Sunday, August 27, 2006

The obligation to begin

I would have preferred to be enveloped in words, borne way beyond all possible beginnings. At the moment of speaking, I would like to have perceived a nameless voice, long preceding me, leaving me merely to enmesh myself in it, taking up its cadence, and to lodge myself, when no one was looking, in its interstices as if it had paused an instant, in suspense, to beckon to me. There would have been no beginnings: instead, speech would proceed from me, while I stood in its path--a slender gap--the point of its possible disappearance. . . .
A good many people, I imagine, harbour a similar desire to be freed from the obligation to begin, a similar desire to find themselves, right from the outside, on the other side of discourse, without having to stand outside it, pondering its particular, fearsome, and even devilish features.


Ah, Foucault. You say it so well. Beginnings are devilish indeed.

For I have no gift for first chapters. None at all. Zero. Zip.

The main (or at least a *big*) reason my book is still in process is that the first chapter keeps eluding me.

Having read a number of other people's first chapter drafts, I know that this is a common experience: the first chapter is always the hardest to write, often the worst of the lot. But I thought at some point I would surely manage to overcome this obstacle.

For the longest time, I was trying to make my old first chapter "work." I thought I just needed to do more research, find a new way to focus it. Finally, I threw in the towel and decided, no, the problem was that the chapter just wasn't doing it. It no longer fit in the book as I had reconceptualized it after the dissertation stage. I didn't want to get rid of a whole chapter, but I did.
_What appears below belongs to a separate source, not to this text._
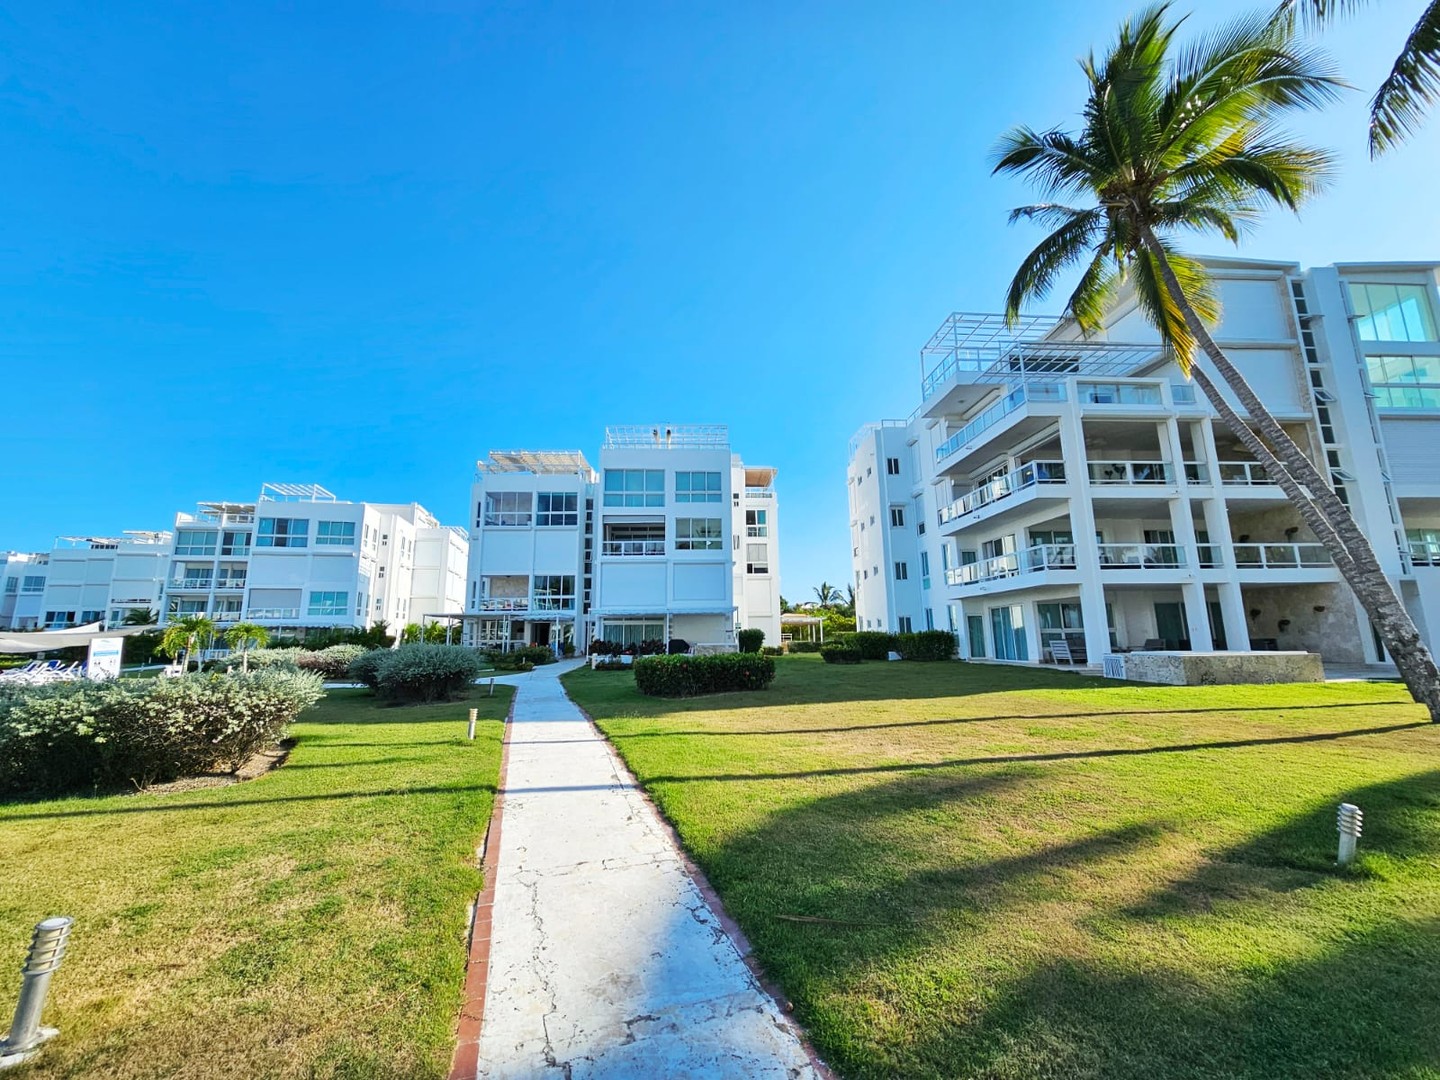 apartamentos - Apartamento en venta, playa Nueva Romana USD$230,000 - AMUEBLADO

So, I thought, I'll just start with what used to be Chapter 2. I had already decided I needed to add a new chapter in the middle, so I would still end up with the same number of chapters.

But now I'm slowly realizing Chapter 2 also sucks as a place to start. Why start with Chapter 2? There's no particular reason to start with Chapter 2. It just appeared in the gap left by Chapter 1.

Here's the latest plan:start the new chapter. The one that was slotted to be Chapter 4. I think that chapter, or at least some version of that chapter, needs to be Chapter 1.

Sounds kinda crazy. Especially when you consider that I *thought* I was more or less writing a history, and Chapter 4 deals with a decade quite a bit later than the first three chapters. Doesn't seem too historical to put a later period first.

But what Chapter 4 (Chapter 1?) does is establish the exigence for the history I'm telling. In that chapter, which focuses on the 1970s, I'm looking at a decade that saw the emergence of a new professional organization devoted to administration, a decade that also saw the publication of a bajillion classic books on management, including Braverman's Labor and Monopoly Capital and Chandler's history, The Visible Hand. It's also the decade when, in the words of Geoffrey Sirc, composition became no fun. A significant decade, a significant moment: an exigence for watching the circulation of a managerial affect, both before and after that decade.

5 comments:

Anonymous said...

But what Chapter 4 (Chapter 1?) does is establish the exigence for the history I'm telling.

That sounds like a great way to start. I often do stuff like that - start with the problem, an anecdote, a moment, an encounter, or something else that we might call an exigence.

This book sounds like something we are all going to have to read.

VTmtngrrl said...

Of course our students also struggle with this--getting started. And so, on the first day of school, at the start of a new writing class, I think this might be an appropriate passage to share with my students--illustrating the shared difficulty of getting writing to begin. It could be part of a longer introductory discussion about what makes writing difficult (for all of us).

Thanks for the quote!

Zil said...

Believe me, I feel your pain. And if you're interested in founding a "Finish the G*&*d*( book club," I am so there.

The Dingo (did not eat your baby) said...

Perhaps the handout I just gave my Gender and Sexuality Theory students is apt for this "exigence." The handout contains 6 suggestions for ways to approach reading critical theory and other difficult texts. Point 3 says the following:

"Read the conclusion first: Now this might sound like silly SAT/ACT advice, sometimes even the most accomplished writers do not really figure out their own argument until the end of the essay where they tend to state it more clearly. If you are really struggling, then read the conclusion and see if it gives you any hints."

So Chapter 4 might not have been your conclusion but maybe it is where you just happened to figure it all out! Kudos to you for figuring this out before publishing your book. The authors my students read for today do not appear have figured this out.

Donna said...

Thanks for the good words, Jeff. I should go reread your hip-hop article for inspiration.

Glad you liked the Foucault bit, VTmtngrrl. I often find him inspiring, though not necessarily always the best model.

Let's do the club thing, Zil. We may not admonish each other (as I somewhat cryptically suggested the other day), but we can inspire, support, and keep tabs.

Inspire is my word for the day. Dingo, glad you've been inspired to join the blogosphere. Welcome!